One of the most crucial targets during the early stage of the postoperative rehabilitation was to minimize swelling and pain, thus elevation of the affected leg combined with non-steroidal anti-inflammatory drugs were recommended. When the pain and swelling subsided, the continuous passive motion (CPM) system was used for helping the knee joints to do extension and flexion exercises in all patients from day 3 postoperatively [2]. On day 7 post-operatively, the degree of knee flexion increased from 0°to 60°. Starting from the 2nd week, the frequency of the exercise was increased to 2 to 3 times a day, to achieve a 10°to 15°advance in the range of knee flexion every day. By the end of week 3 post-operatively, patients were encouraged to reach a milestone of between 100°to 130°of flexion. In the fourth week, patients were allowed to perform a full range of motion for 30 to 40mins 2 to 3 times a day.
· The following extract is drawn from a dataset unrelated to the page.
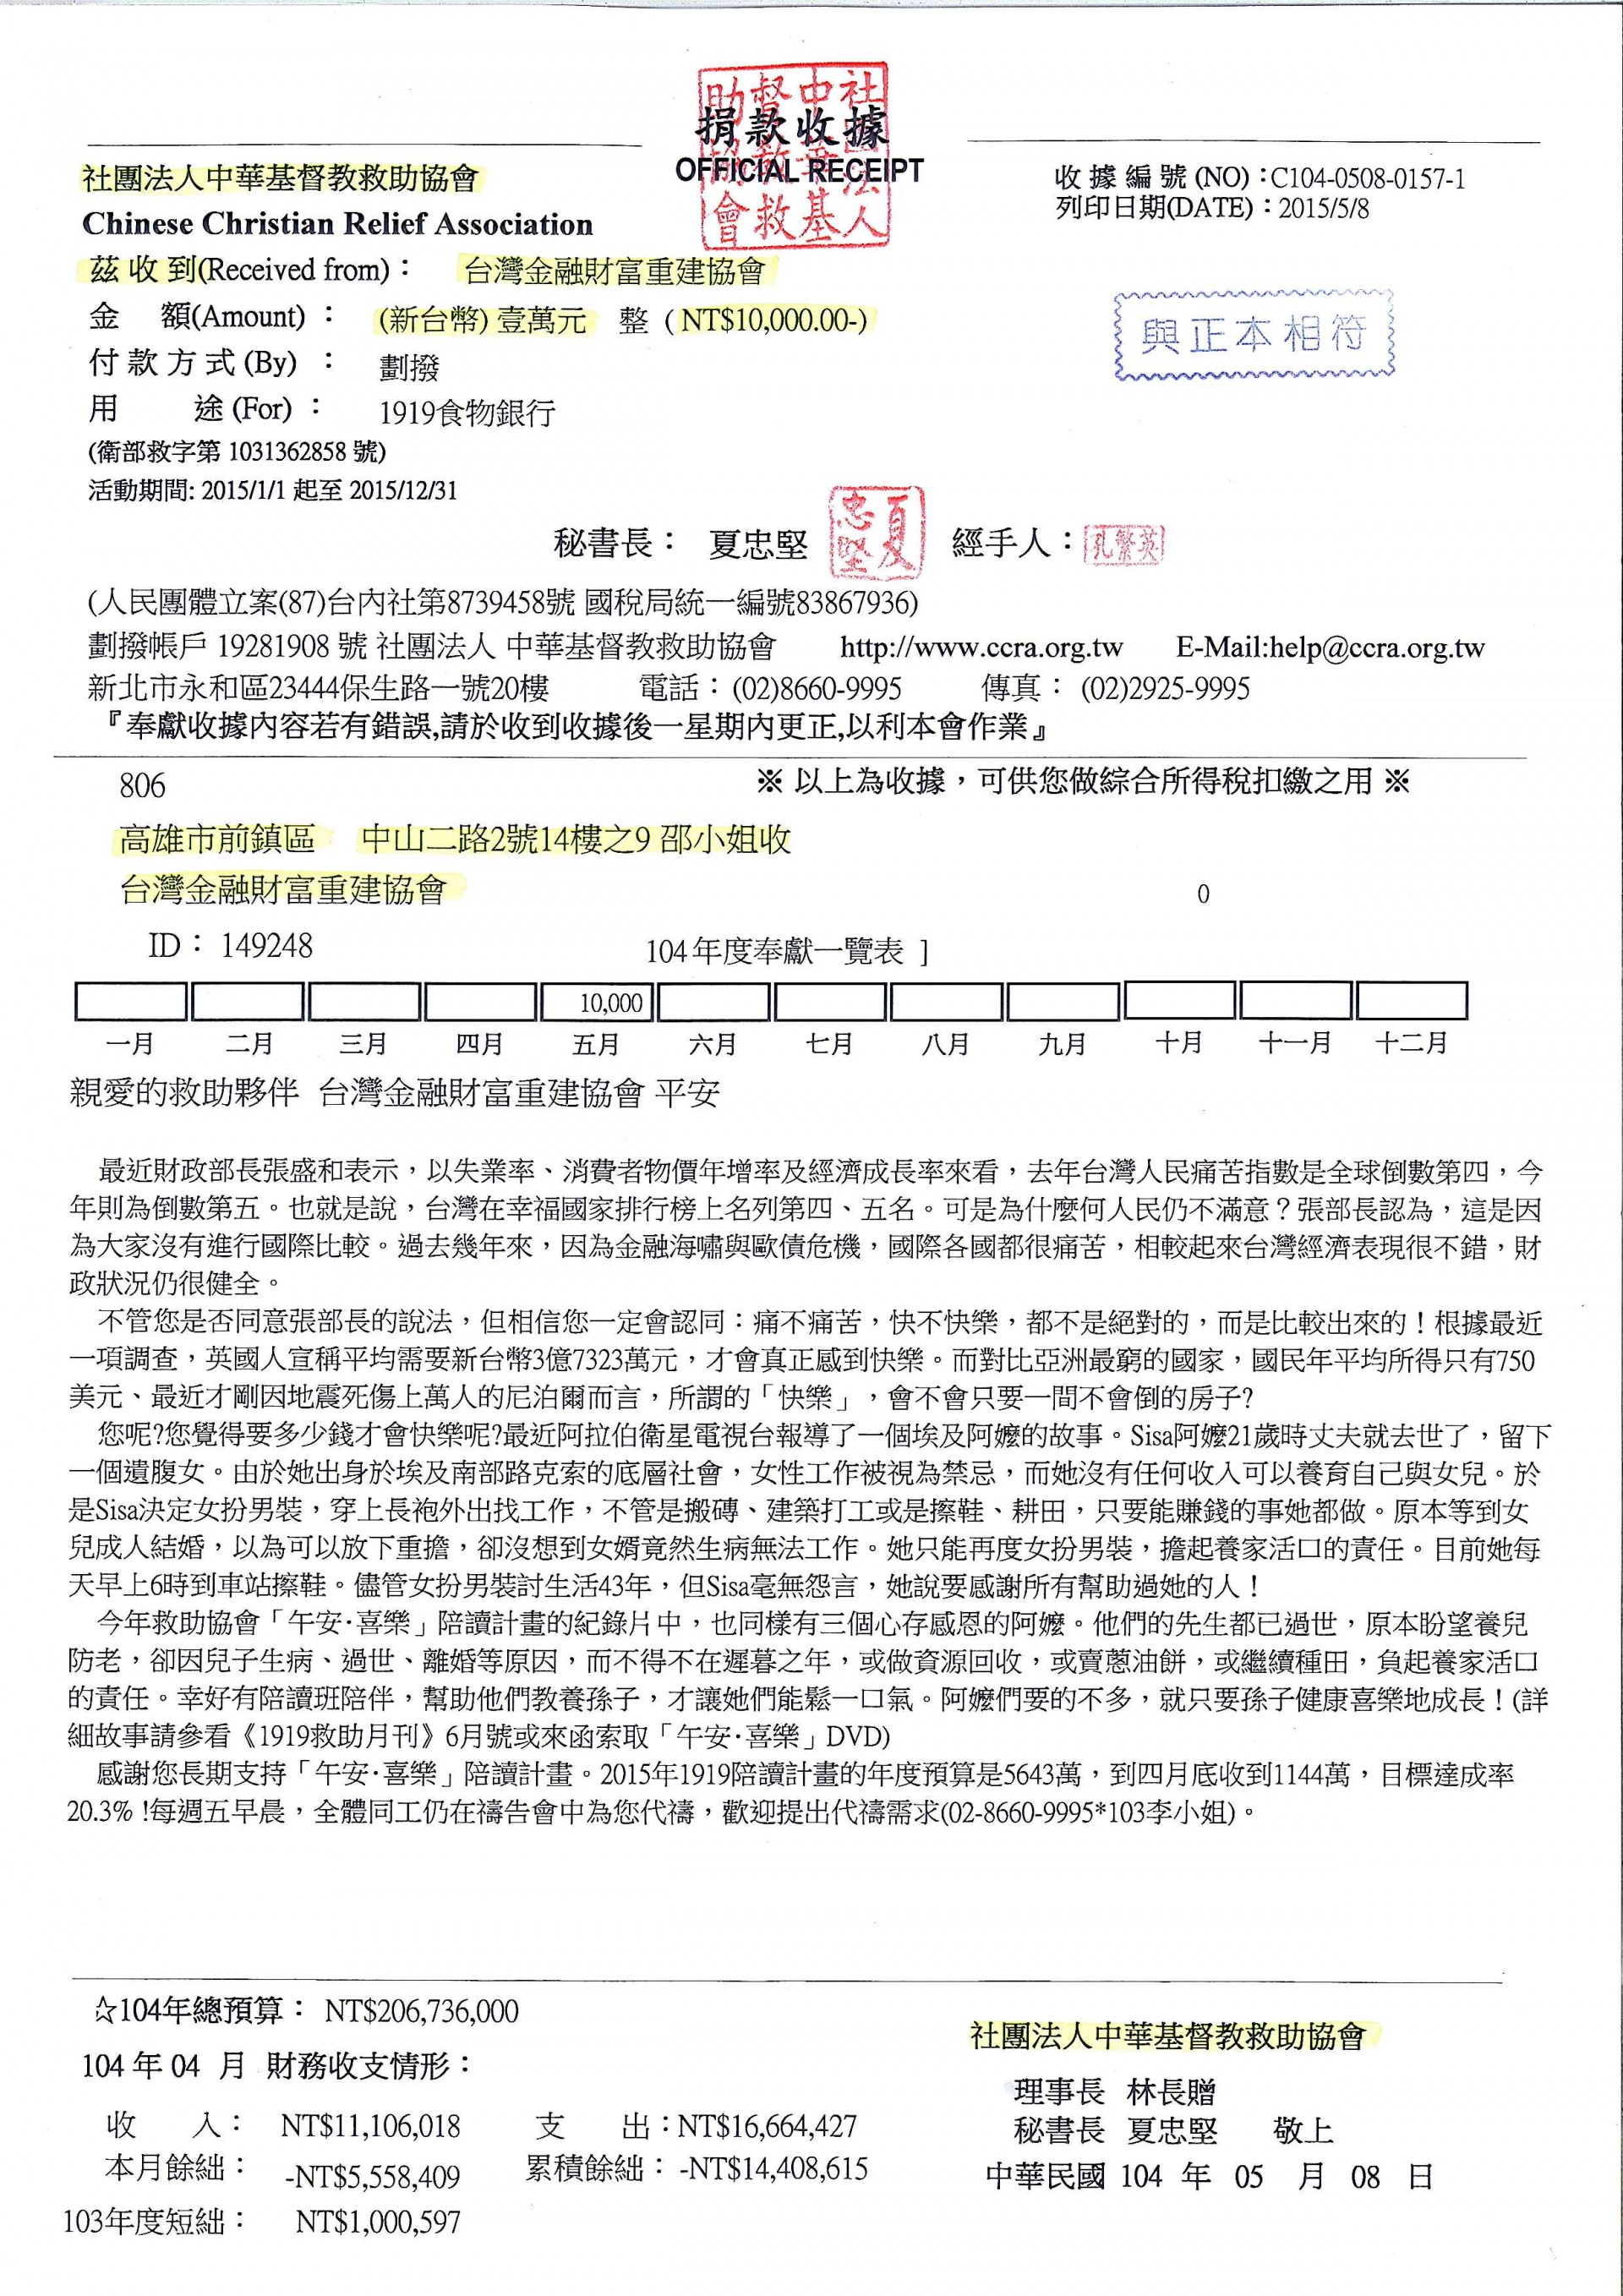 中華基督教救助協會-「1919社服與救助網絡」協助急難救助者
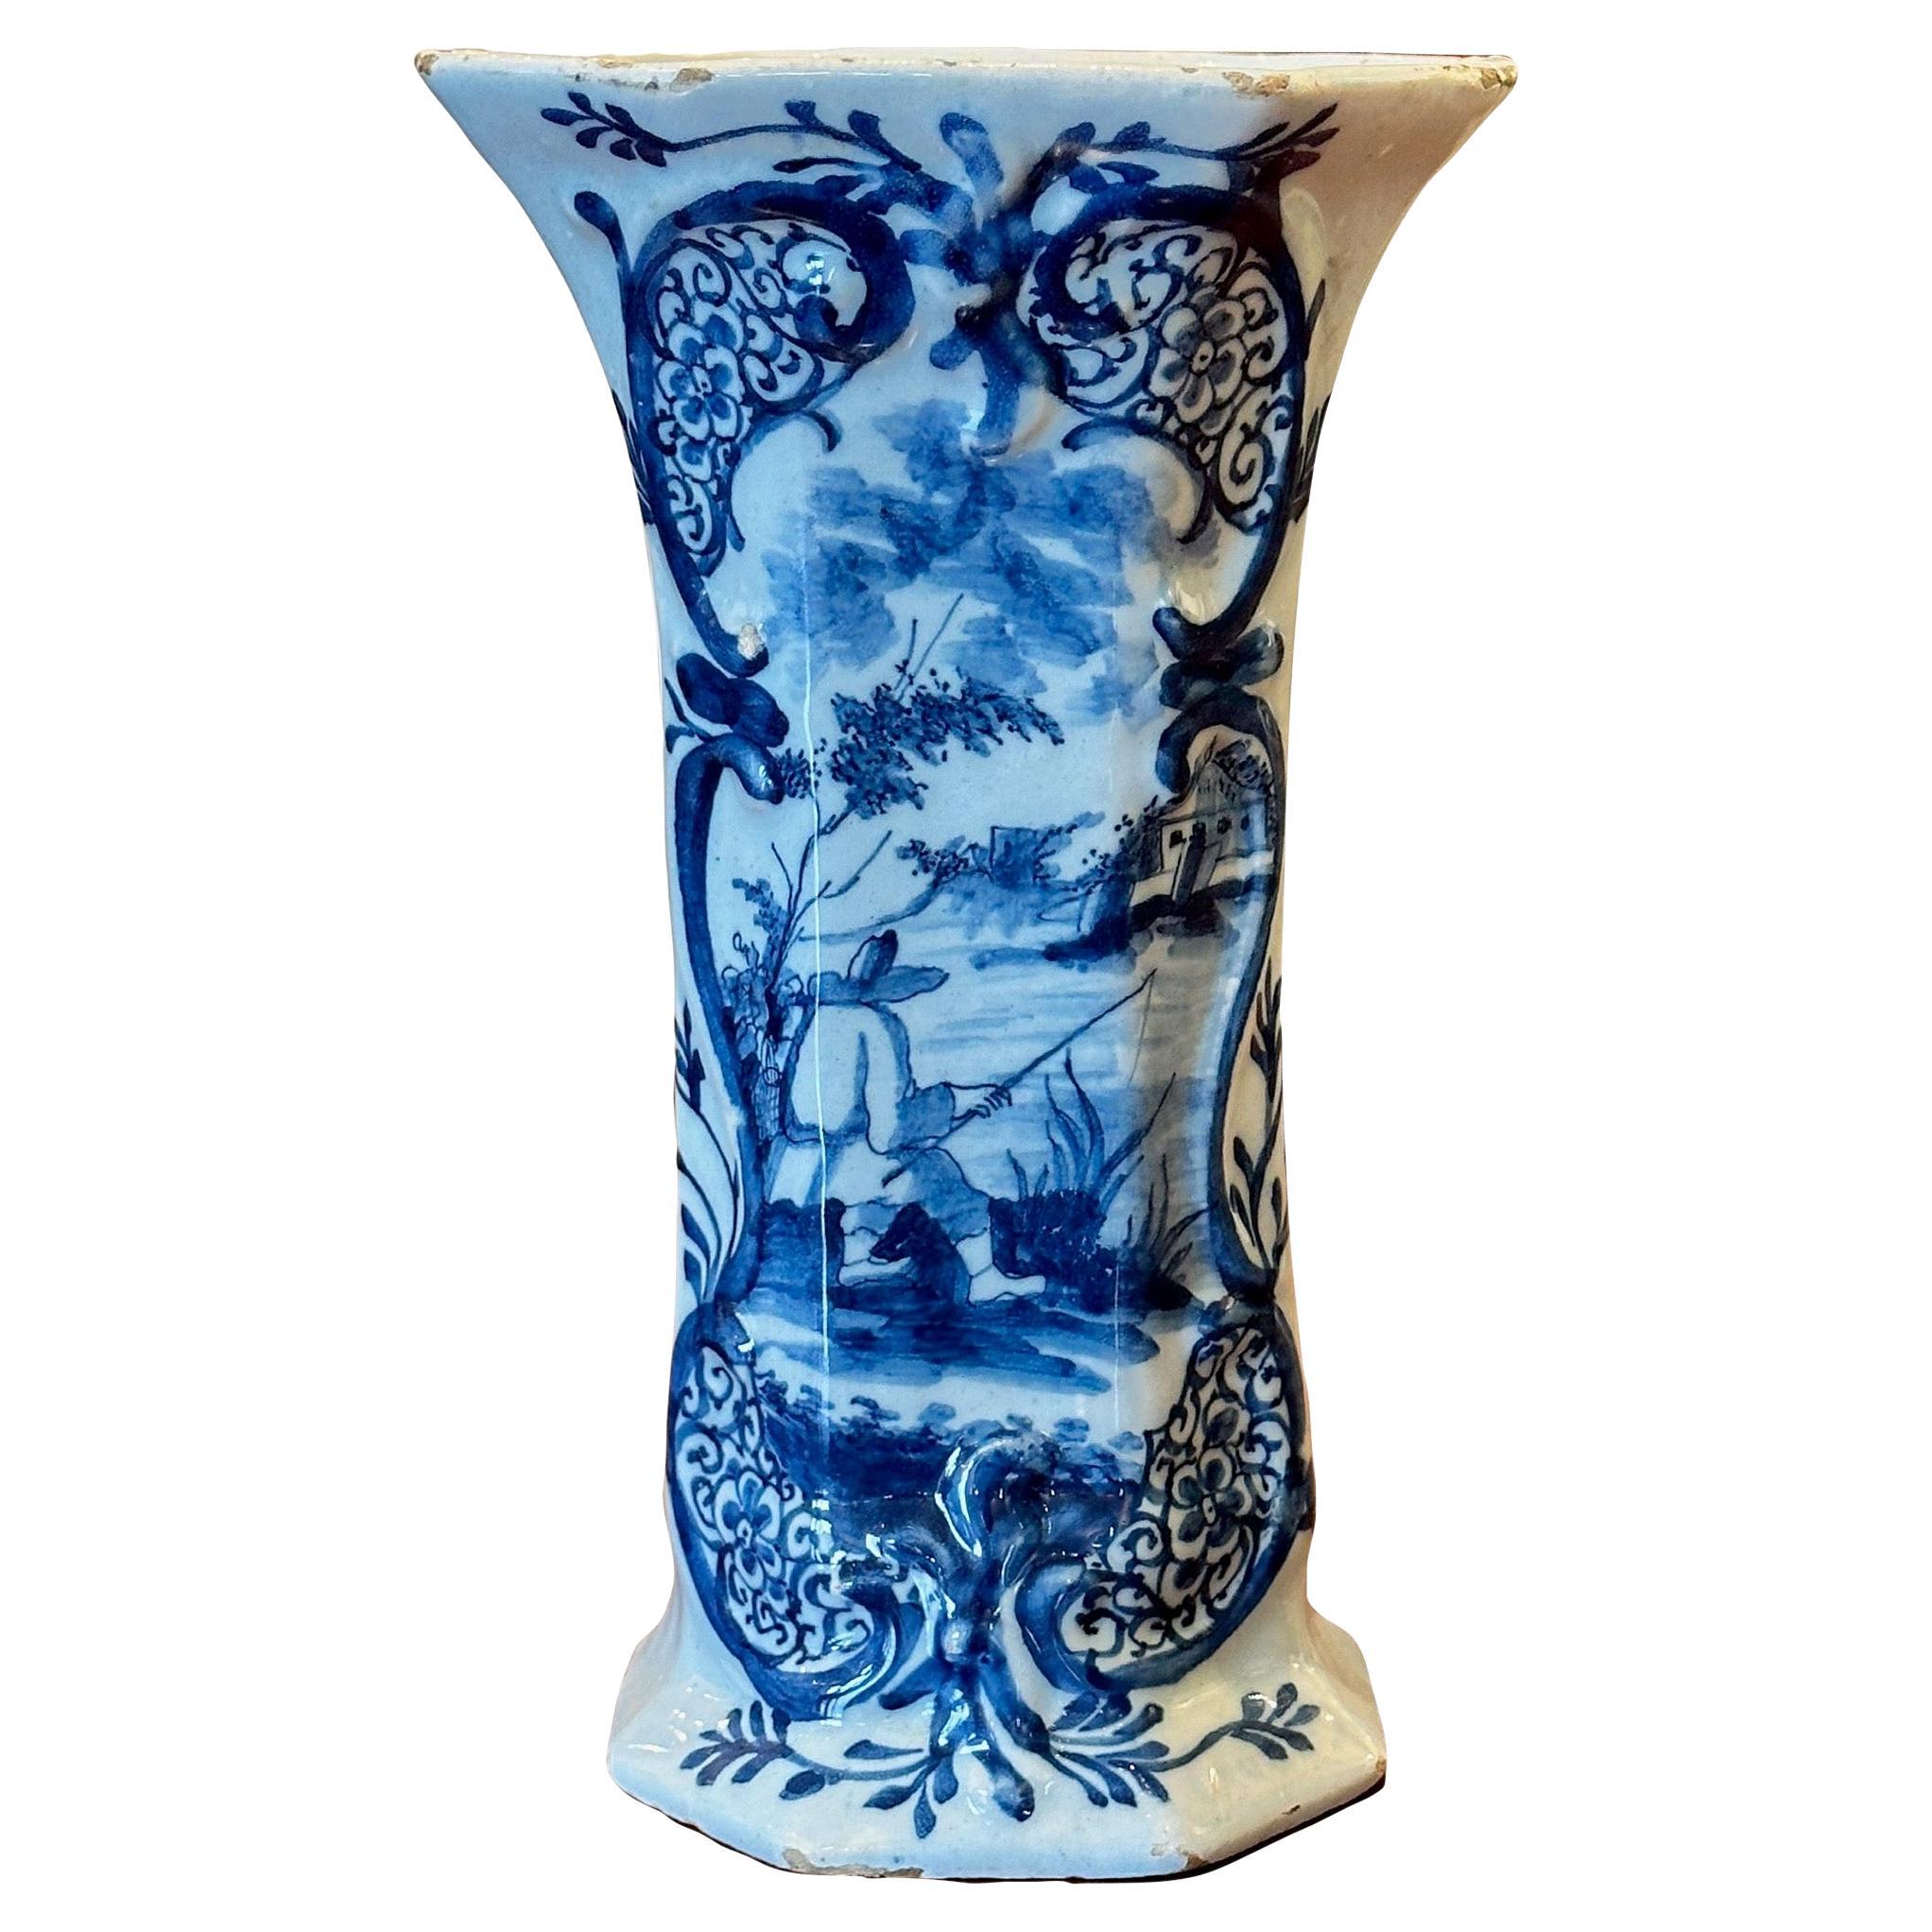 Vase de Delft du 19e siècle

During weeks 6 to 8 after surgery, patients began practicing walking without bearing weights using crutches, which is followed by partial weight-bearing walks at around week 10. For patients who had been discharged, the weight born was gradually increased following the guidance of the clinician given through telerahabilitation. Full weight-bearing walks were allowed once signs of bone reunion were detected on radiographs from weeks 14 to 28 postoperatively.
After being discharged, patient follow-up was carried out every month for the first 3 months using X-ray or CT imaging, then every 3 months in the following 9 months, and finally at the 12th and 24th months.